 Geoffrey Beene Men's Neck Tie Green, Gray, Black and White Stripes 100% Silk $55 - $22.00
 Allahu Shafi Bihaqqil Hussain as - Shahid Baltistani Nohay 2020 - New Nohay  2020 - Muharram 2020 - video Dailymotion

##########

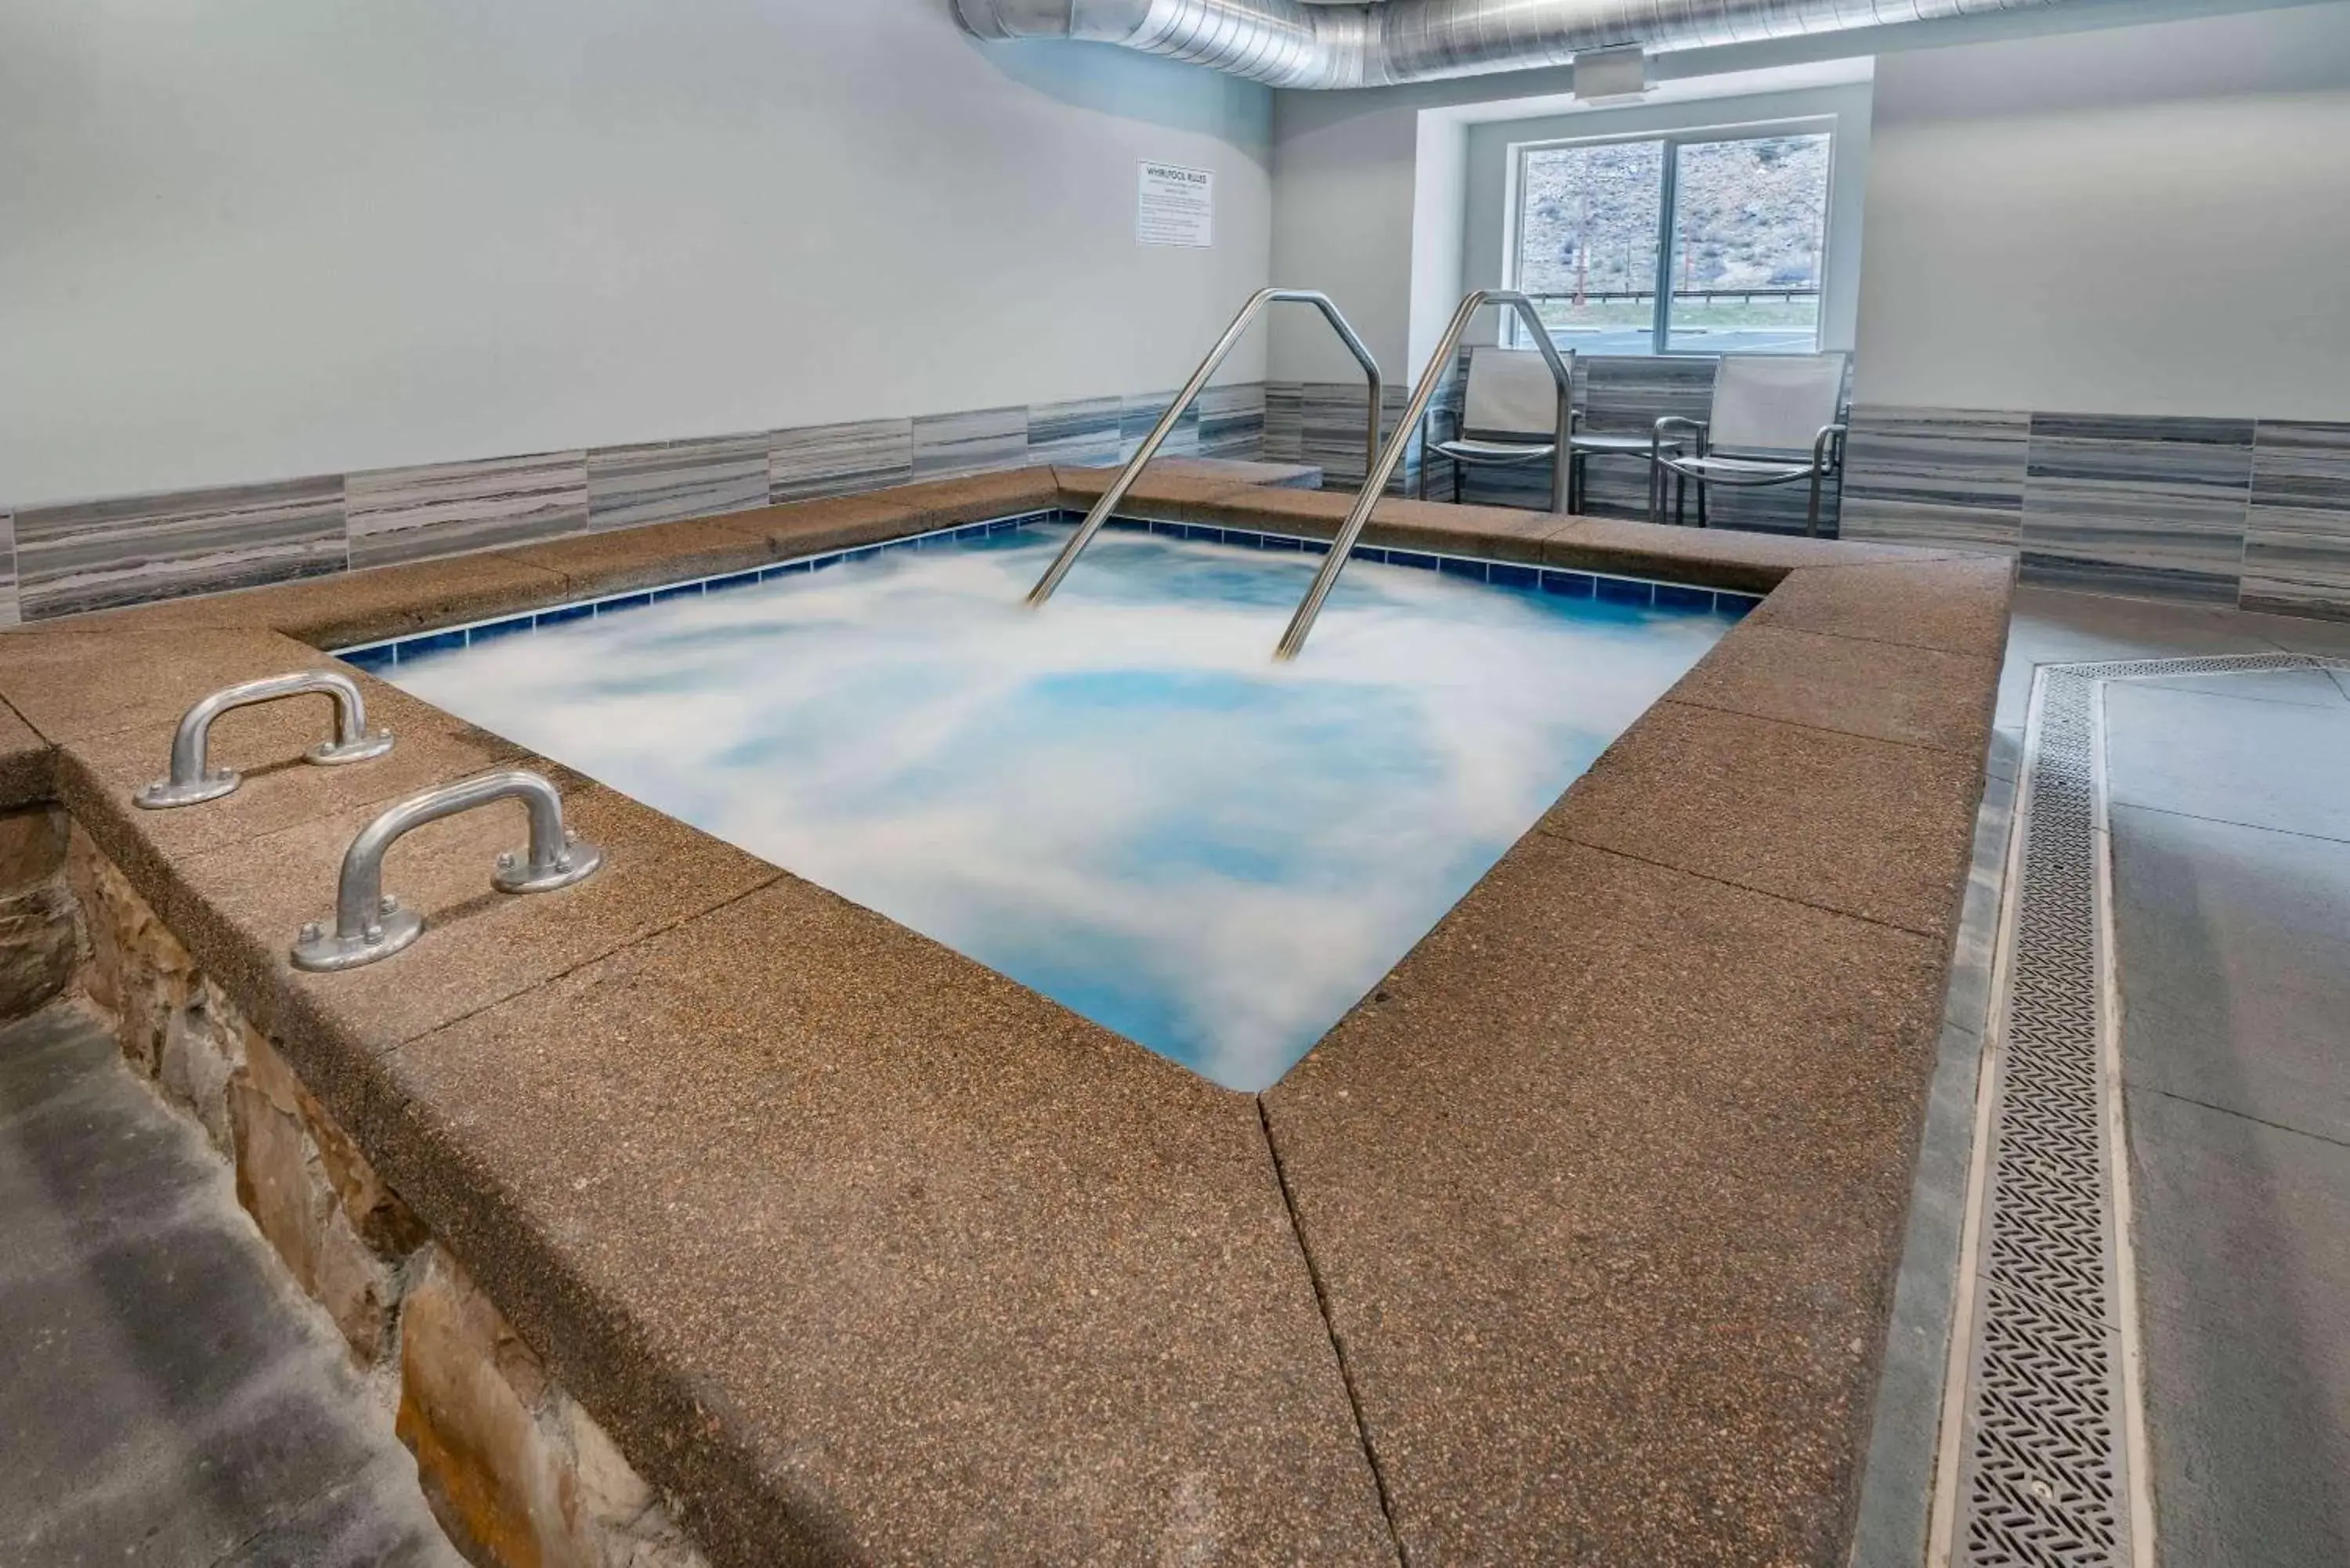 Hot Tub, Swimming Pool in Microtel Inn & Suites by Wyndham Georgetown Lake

##########

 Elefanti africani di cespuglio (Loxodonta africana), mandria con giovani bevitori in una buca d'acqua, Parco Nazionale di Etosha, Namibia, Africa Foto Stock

##########

• WHAT THE TASK ASKS
Your task for the entries above: copy exactly the span starting with the line with "Geoffrey Beene Men's" and going on through the line with "Allahu Shafi Bihaqqil", both lines included, and nothing else.

• WRITTEN RESPONSE
 Geoffrey Beene Men's Neck Tie Green, Gray, Black and White Stripes 100% Silk $55 - $22.00
 Allahu Shafi Bihaqqil Hussain as - Shahid Baltistani Nohay 2020 - New Nohay  2020 - Muharram 2020 - video Dailymotion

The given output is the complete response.